6. The vehicle networking security computation offload and resource allocation method according to claim 2, wherein the process of the fifth step is as follows:

5.1 the motion space can be represented by a three-dimensional coordinate, wherein the x axis represents the selection of a frequency band, the y axis represents the selection of the vehicle emission power, and the z axis represents the selection of a computing resource block on the edge server; let the frequency band select have N _a The power of the vehicle is selected to be N _b In the method, the edge server resource block is selected to have N _p In this way, the action for any vehicle needing service may be N _a ×N _b ×N _p ；

And 5.2, balancing the training process and the exploration process by adopting an element E-greedy strategy, and selecting the action with the maximum Q value by the base station with the probability of 1-element at the time t, and selecting one action from the state space A with the probability of element E.

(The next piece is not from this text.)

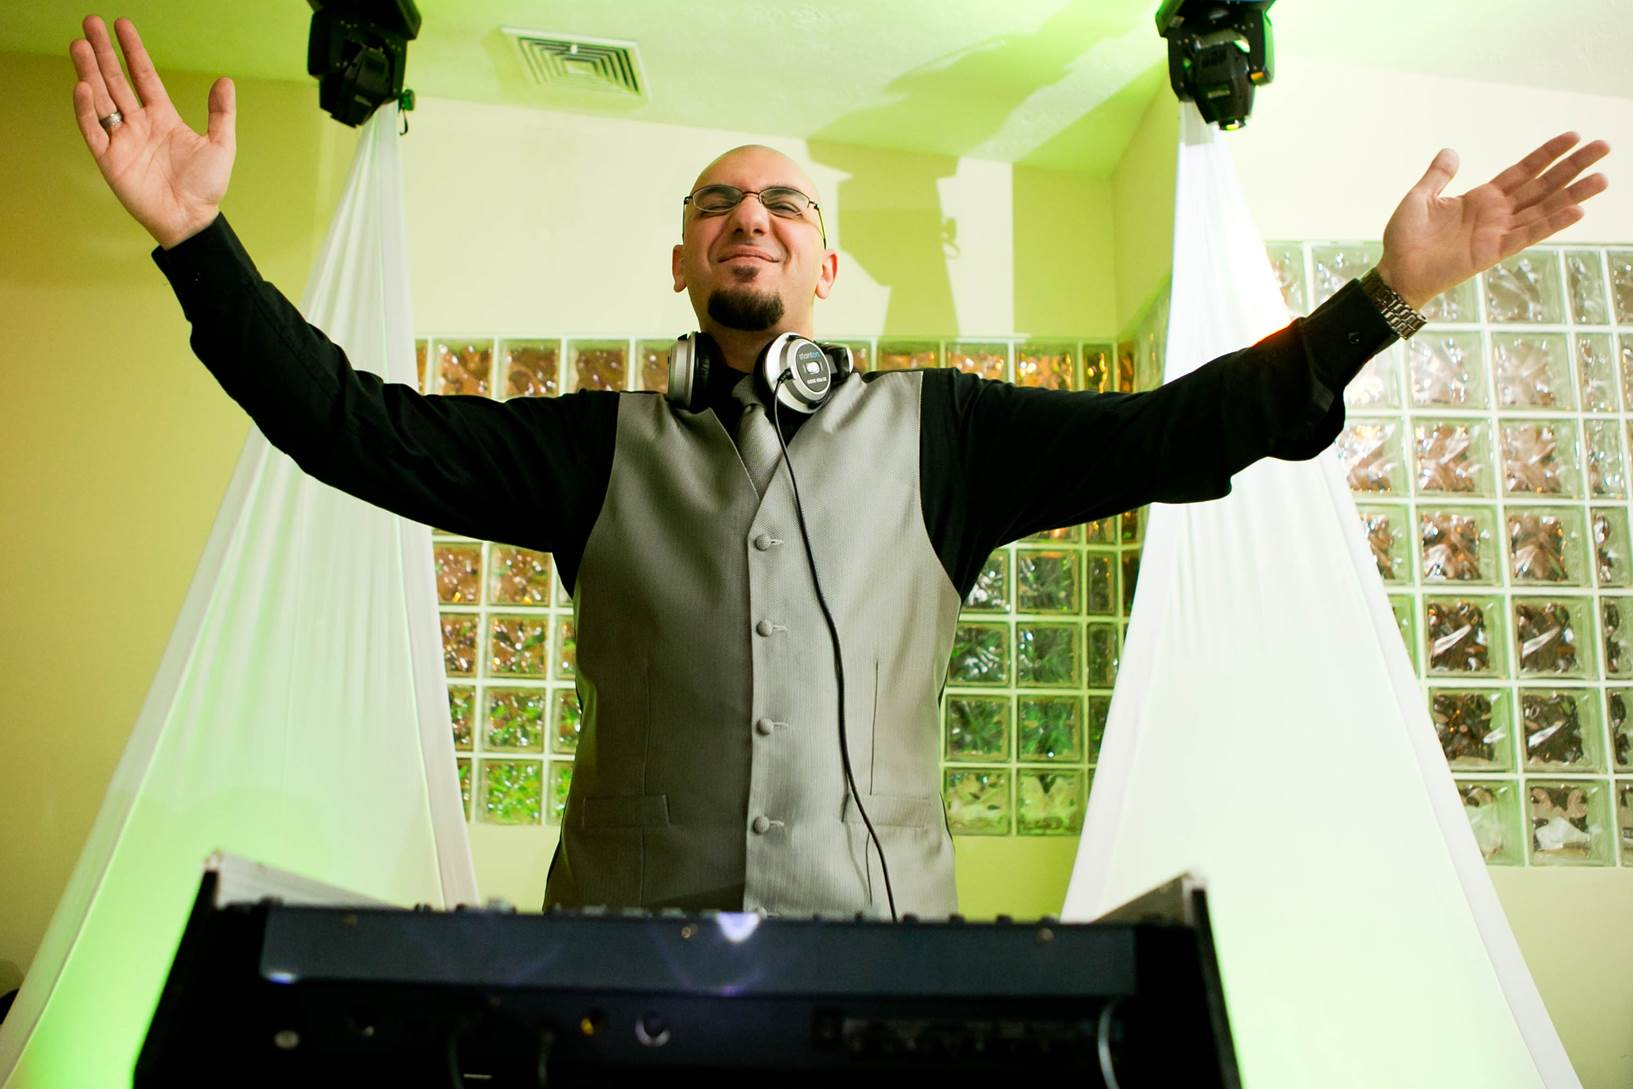 DJ Kibar from A Main Event

7. The vehicle networking security computation offload and resource allocation method according to claim 2, wherein the process of the sixth step is as follows:

6.1 partitioning rewards into N according to time of service delay _w Grading;

8. The vehicle networking security computation offload and resource allocation method according to claim 2, wherein the neural network training process of the seventh step is as follows:

9. A computer arrangement, characterized in that the computer arrangement comprises a memory and a processor, the memory storing a computer program which, when executed by the processor, causes the processor to carry out the steps of the car networking security calculation offloading and resource allocation method according to any of claims 1-7.

10. An information data processing terminal, characterized in that the information data processing terminal is used for executing the steps of the vehicle networking security computing unloading and resource allocation method according to any one of claims 1 to 7.